- Task brief -
Among the entries below, find each line with "This" and show it.

- Dataset extract -

--- START ---

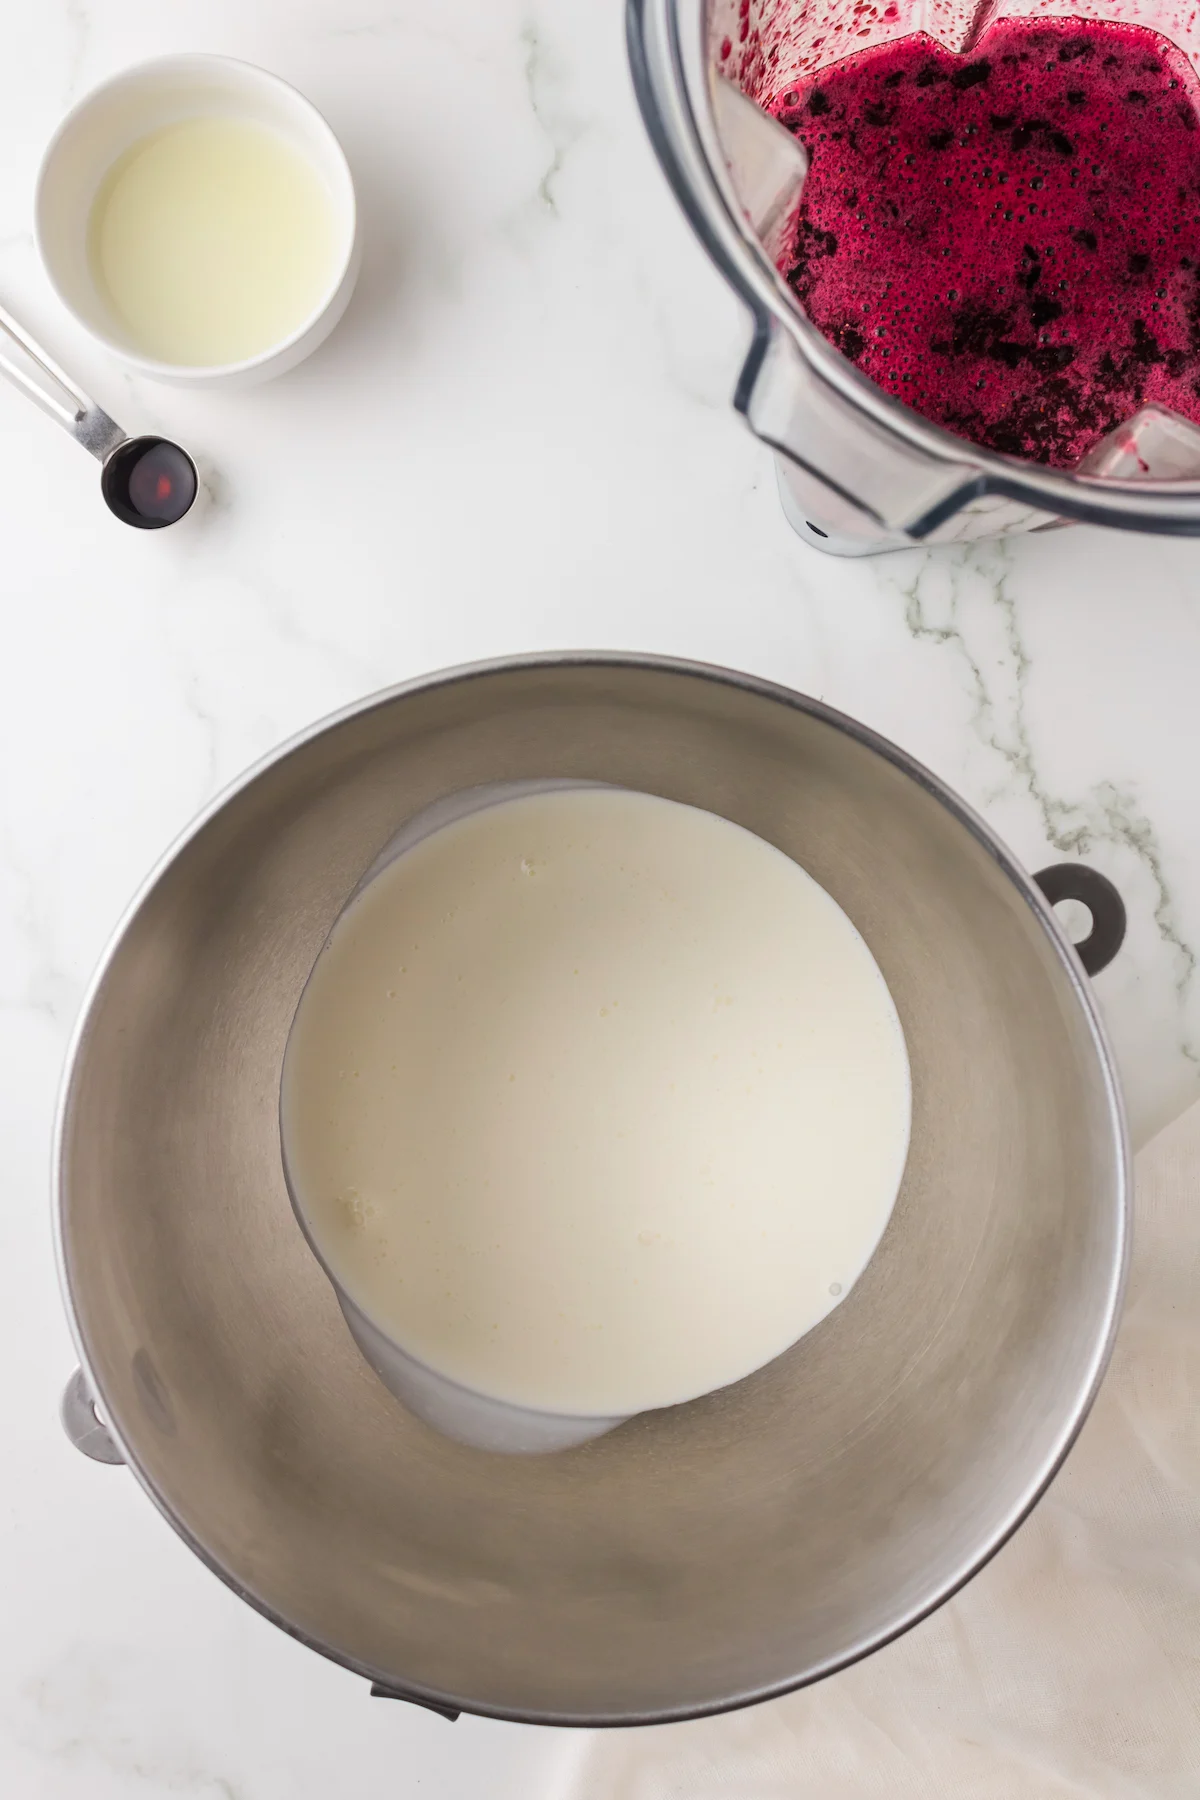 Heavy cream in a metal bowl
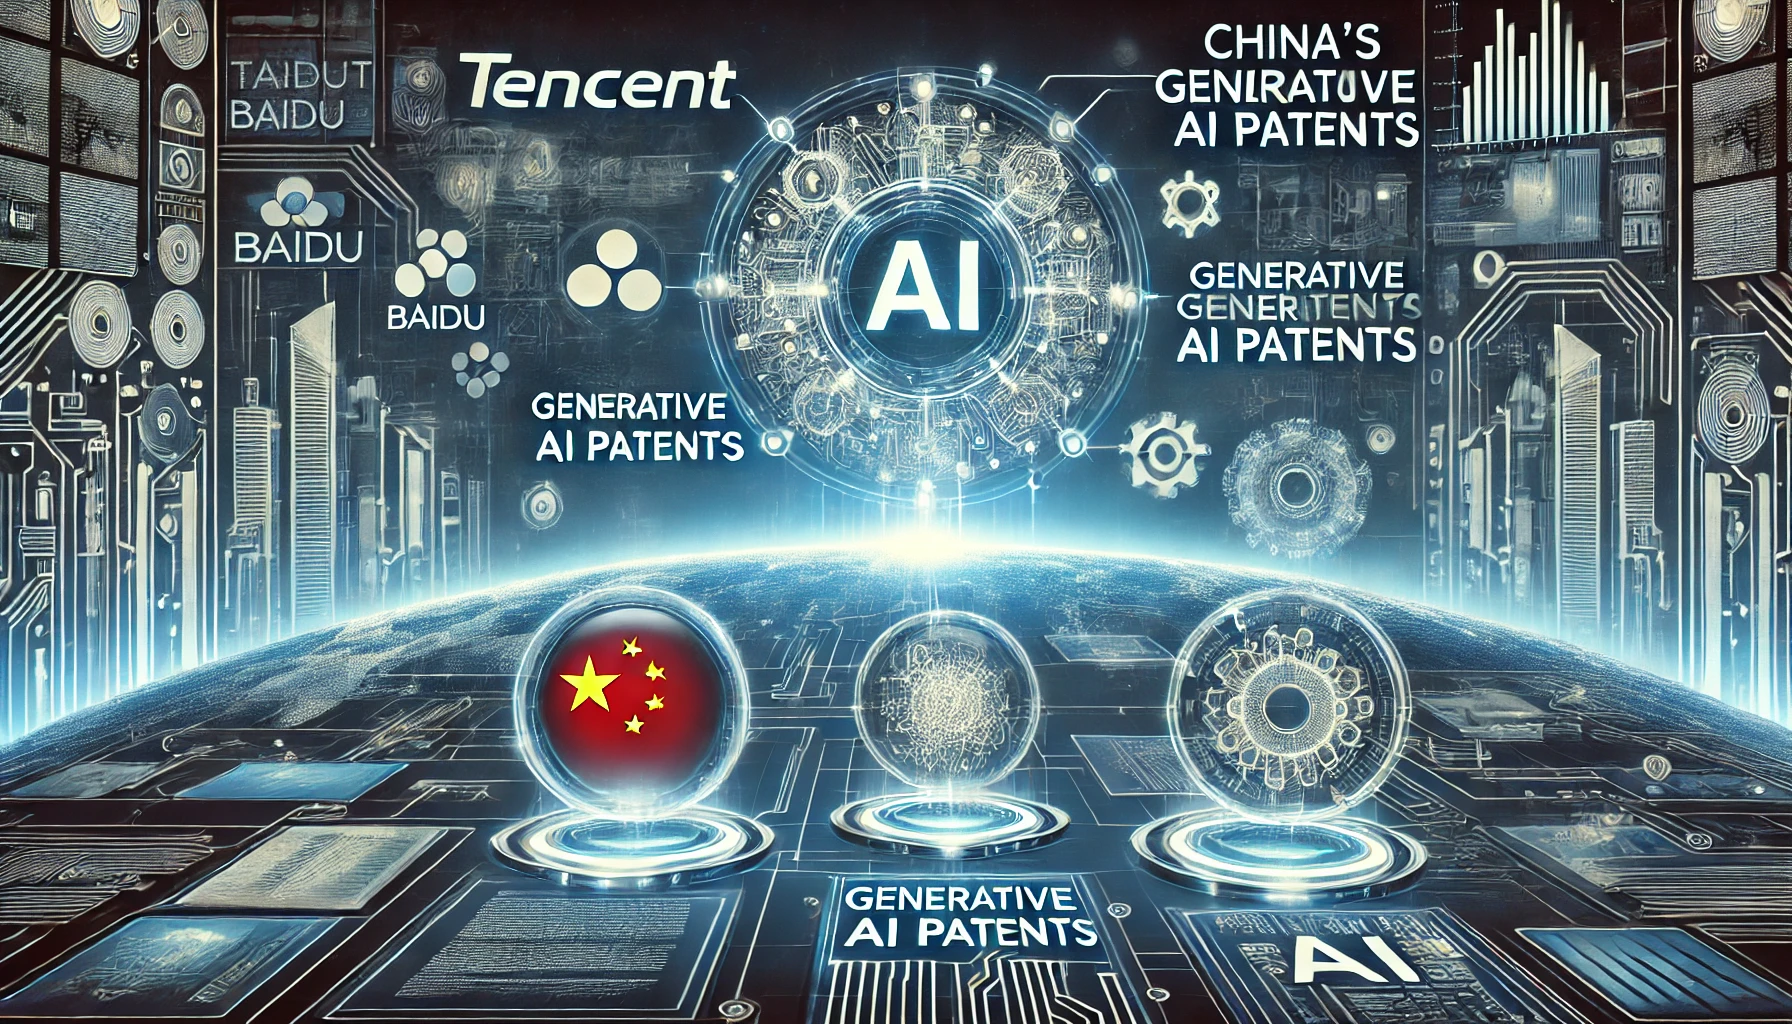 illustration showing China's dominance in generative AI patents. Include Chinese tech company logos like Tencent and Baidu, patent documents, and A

--- END ---
--- START ---

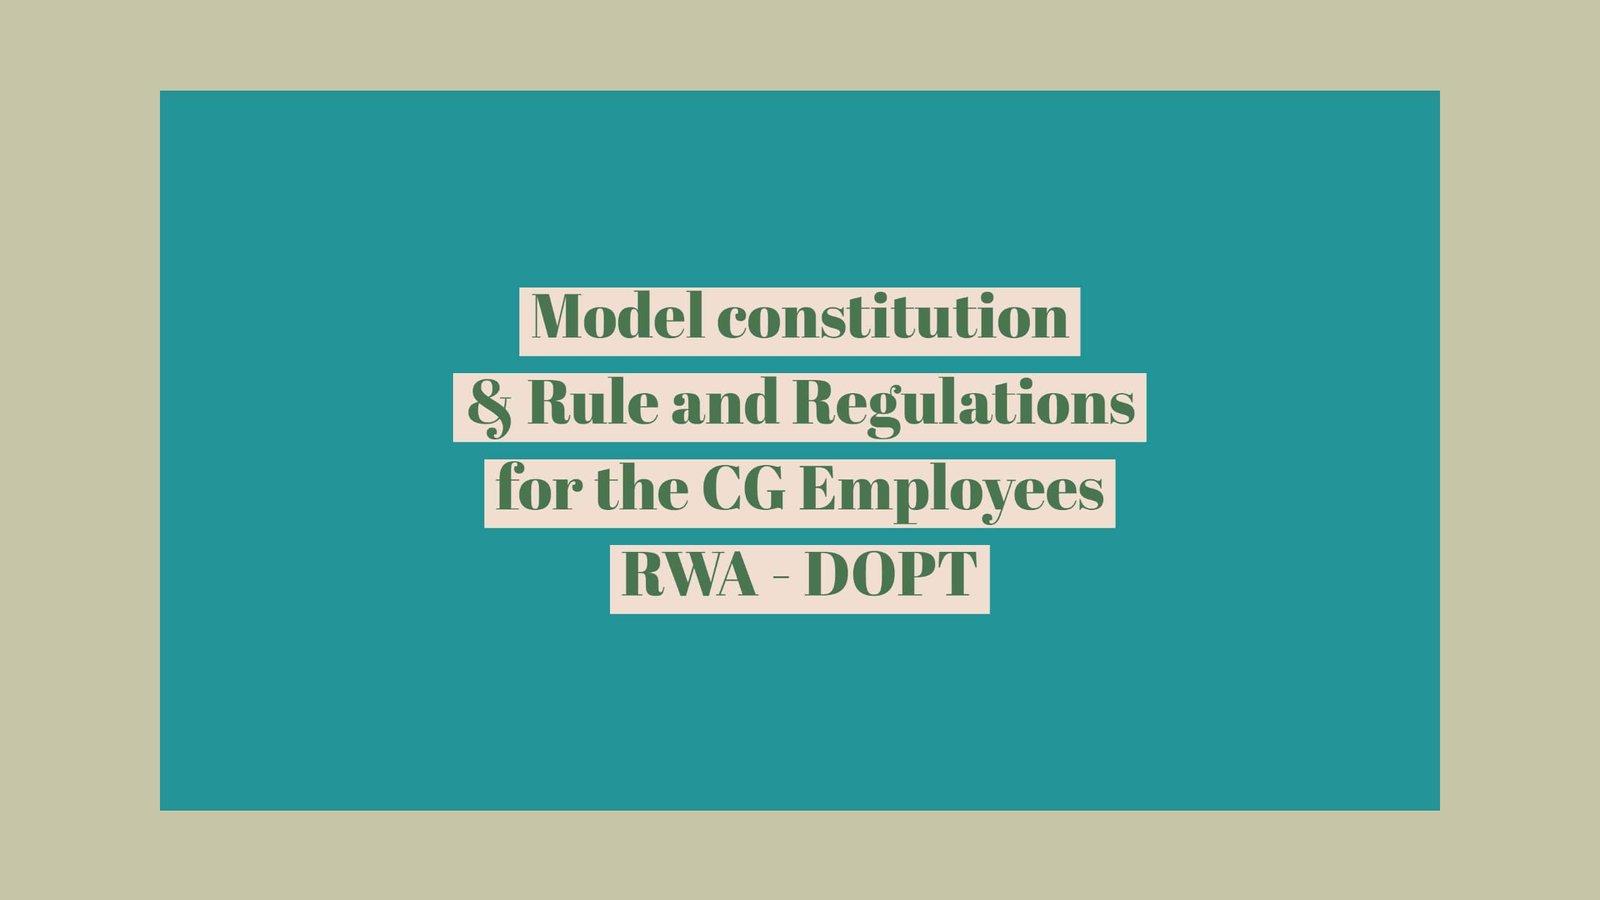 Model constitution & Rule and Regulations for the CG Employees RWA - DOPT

--- END ---
--- START ---

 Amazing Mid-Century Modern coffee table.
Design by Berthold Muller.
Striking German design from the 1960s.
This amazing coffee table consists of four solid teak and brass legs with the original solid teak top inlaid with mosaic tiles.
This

--- END ---

- Solution -
This amazing coffee table consists of four solid teak and brass legs with the original solid teak top inlaid with mosaic tiles.
This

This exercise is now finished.